Weave the string from the space between the nylon and the top hockey lace and through the space between the 2 hockey laces. It's just overlapping your top hockey lace string. Keep going until you are finished. There is no special way that I have found to end it. I just like to tie the ends to the side of the head. I hope this works out for you.


Make a Pocket Pounder    Submitted by Steve Wang

A pocket pounder is really only a ball attached onto a shaft. You can make a basic one right at home. First get a old shaft that no one uses anymore and cut off a 9 inch piece. Then take a permanent marker and color one of the ends of the shaft piece. Quickly press it onto the ball to get the shape of the shaft on the ball. Using an X-Acto knife, cut out the shape of the shaft on the ball about 3/4" in deep. Then take a hot glue gun and put hot glue in the ball indent. Ram part of the shaft in and you got yourself a pocket pounder!


Stick Salon    Submitted by Will VanLancker

I read the article on stick shaping and "baking" and I have tried all the methods mentioned. You are right, the stove seems to work the best and boiling is a very easy process to do. I found that using a heat gun (a very, very high powered hair drier) works better than anything else, with the heat gun you have the heat of the stove with unlimited control, you're able to move the heat to all parts of the head without over heating any part of the head by mistake. You also don't have to mess with gloves when heating because the handle remains cool. You can get a heat gun cheap at any big store like Wal-Mart or Home Depot. Thanks alot for the ideas.

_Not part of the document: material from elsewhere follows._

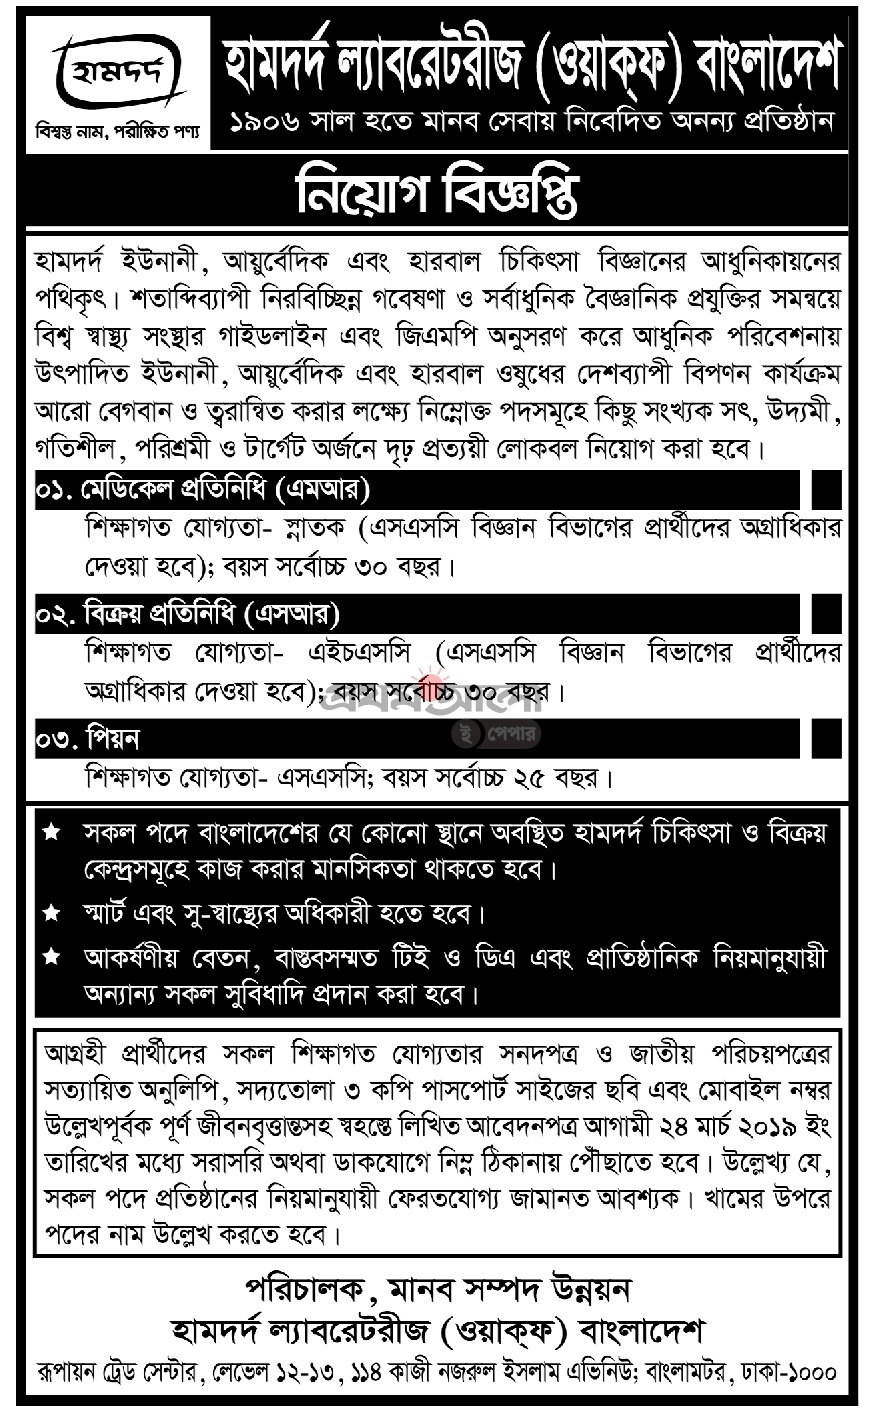 Hamdard Laboratories (WAQF) Bangladesh Job Circular 2019

Smart Dying: Learning from nature    Submitted by Brent Chadwell, Attackman for Dublin Coffman

There are many patterns you can dye your stick, but it is easier for the goalie to read your shot when your head sticks out like a sore thumb. If you die your stick in a striped pattern, the goalie will not be able to read your shots. This is an advantage even over a white head. The best way to do this is a three color vertical striped pattern (the stripes should run up and down if your stick is parallel to the ground). I've found that red, yellow, and black work well together. The reason the goalie can't read your shot with a striped stick is that the striped pattern will create an after image, making your stick look larger and distorted at high speeds (such as on shots). Many animals have evolved to survive using this pattern. The zebra and milk snake both use a striped pattern to make themselves appear bigger. I hope this helps.



Gourmet Leather Treatment    Submitted by Cameron

When I am preparing leathers for stringing a stick I stretch them and wash them with a very diluted solution of soap and water. After they dry, I massage olive oil into the leathers. I have found that this keeps them supple as well as making them resistant to water. And yes, Extra Virgin is the best!

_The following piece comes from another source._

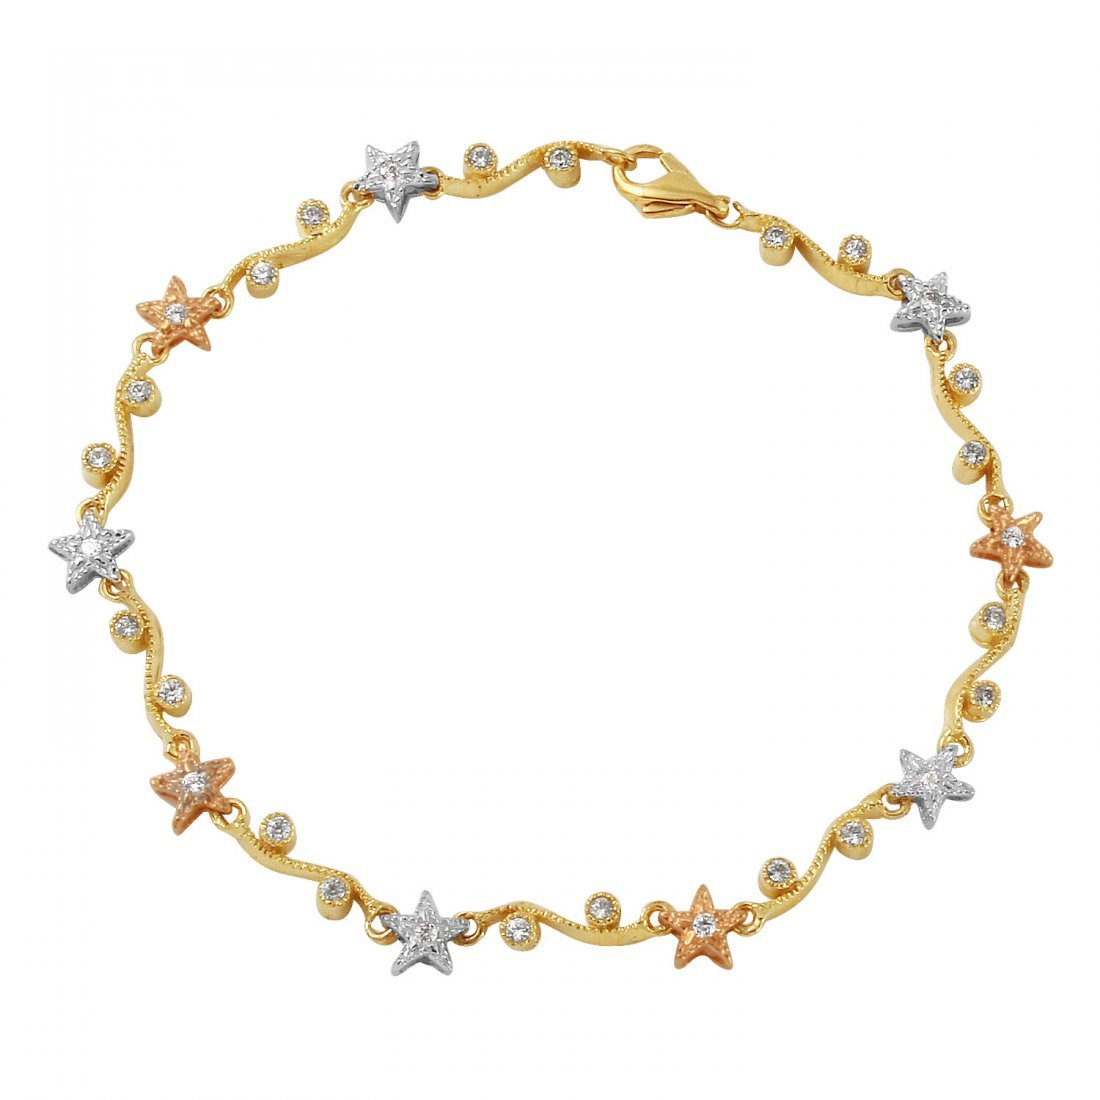 Ladies Cubic Zirconia 14K Three tone Gold Bracelet

Dribble Design    Submitted by Scott Israel

I love your website, especially the stick tech section. I've tried a ton of your pocket/pinching/dyeing ideas and I'd like to share one of mine. To get a wicked dye design on your stick, heat the hot glue in a glue gun so its liquidy and pour it down your head so that you get a cool dribble design. Note: Use the same precautions as you would normally with hot glue, and do it outside on top of some newspapers or something so the runnof doesn't ruin anything.


String Your Own!     Submitted by Tom Major

One thing to remember when learning to string your own pocket is that once you learn the basics, it's really up to you. A lot of people think that they need to find a pocket that is already existing omewhere that is perfect for them when however, if they know what they want they should experiment on their own. With the knowledge of basic stringing techniques one can create their own pocket that is absolutely perfect for what they want, and maybe they will stumble across something that they like, and spread it on to others. Remember, if you invent a pocket, you get to NAME it too! Good luck with your own string jobs!"


Don't Bathe Alone     Submitted by Rob Clark

A good way to break in a hardmesh or monstermesh pocket is to bring it in the shower with you and put soap and shampoo on the strings while stretching out the pocket, this helps make the mesh softer, just use a pocket screw or the old knife trick after its dry.